Even though anonymous, the censorship and informational repression of senior state authorities against the citizens of Bulgaria have resulted particularly effectively in the state of journalism itself. And it is not a question of self-censorship mechanisms which now are more stronger than in the time of totalitarianism because they are motivated by the fear not of ideological but of economic repression. But the worse thing is that this seemingly Fourth Power becomes weaker and weaker, without any will of its own.
It cannot be denied that the press and the electronic media environment have seen the return of fashionable life recording, forgotten for half a century, that there are a few attempts at investigative journalism and that all comprehensive editions and programmes pay due attention to the political commentary.

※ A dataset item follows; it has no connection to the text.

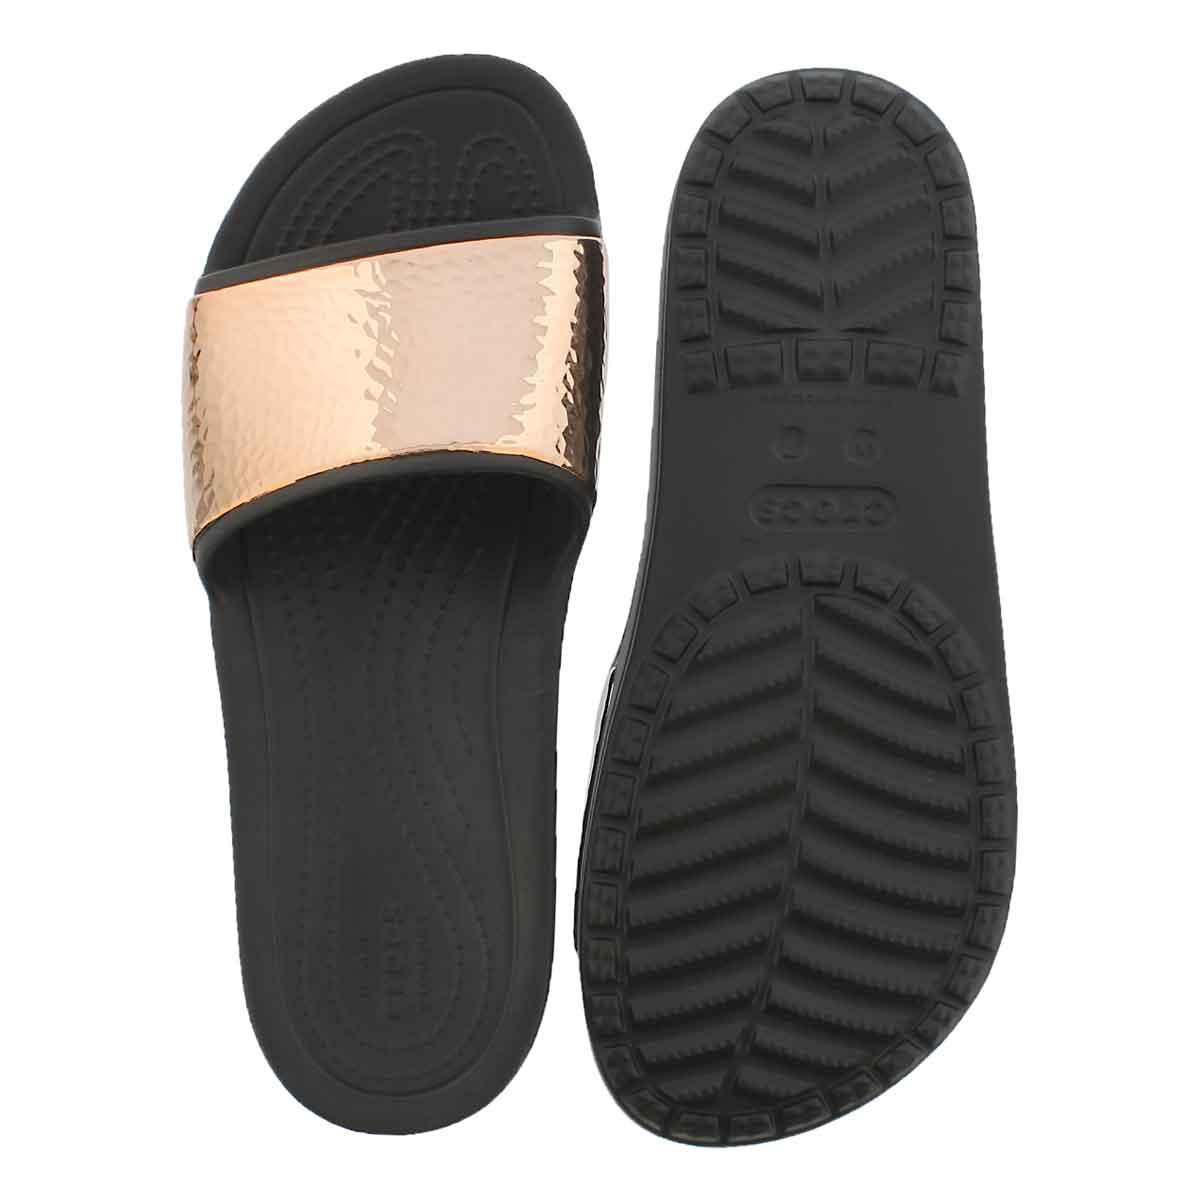 Lds Sloane Hammered blk/rse gld sandal

And yet, there is something false and superficial about this seemingly beautiful facade. The recording of fashionable life is very often reduced to the reportages of vulgar parvenu wealth, not to mention the unwholesome taste for uncovering aspects of strictly intimate human relations by means of gossip and intrigue. Journalist investigations, if any, base their suppositions on dubious connections or on ready-made materials provided by different institutions. Behind the journalistic commentary one can find ideas suggested by politicians and the space of commentary is filled more and more often by politicians themselves, while the journalists are left with the role of interviewers who simply ask questions talked over in advance.
On top of this, intelligence and professionalism, which on the whole are in shortage, are becoming more and more politicised and extremely one-sided. If we take for example radio and television, we shall see that the people there have forgot about the existence of Provisional Status for regulation of their activity which is supposed, on paper at least, to give equality to political tendencies and opinions which are broadcast.
Lately, for almost a year, the two electronic media are going increasingly to the left and are coloured more and more in red. This is evident by the selection and arrangement of the news and by structural reforms which make room for new very biased broadcasts, like "Observer", and by the inner repression carried out in the two institutions to the taste of the socialistic part of the political spectrum."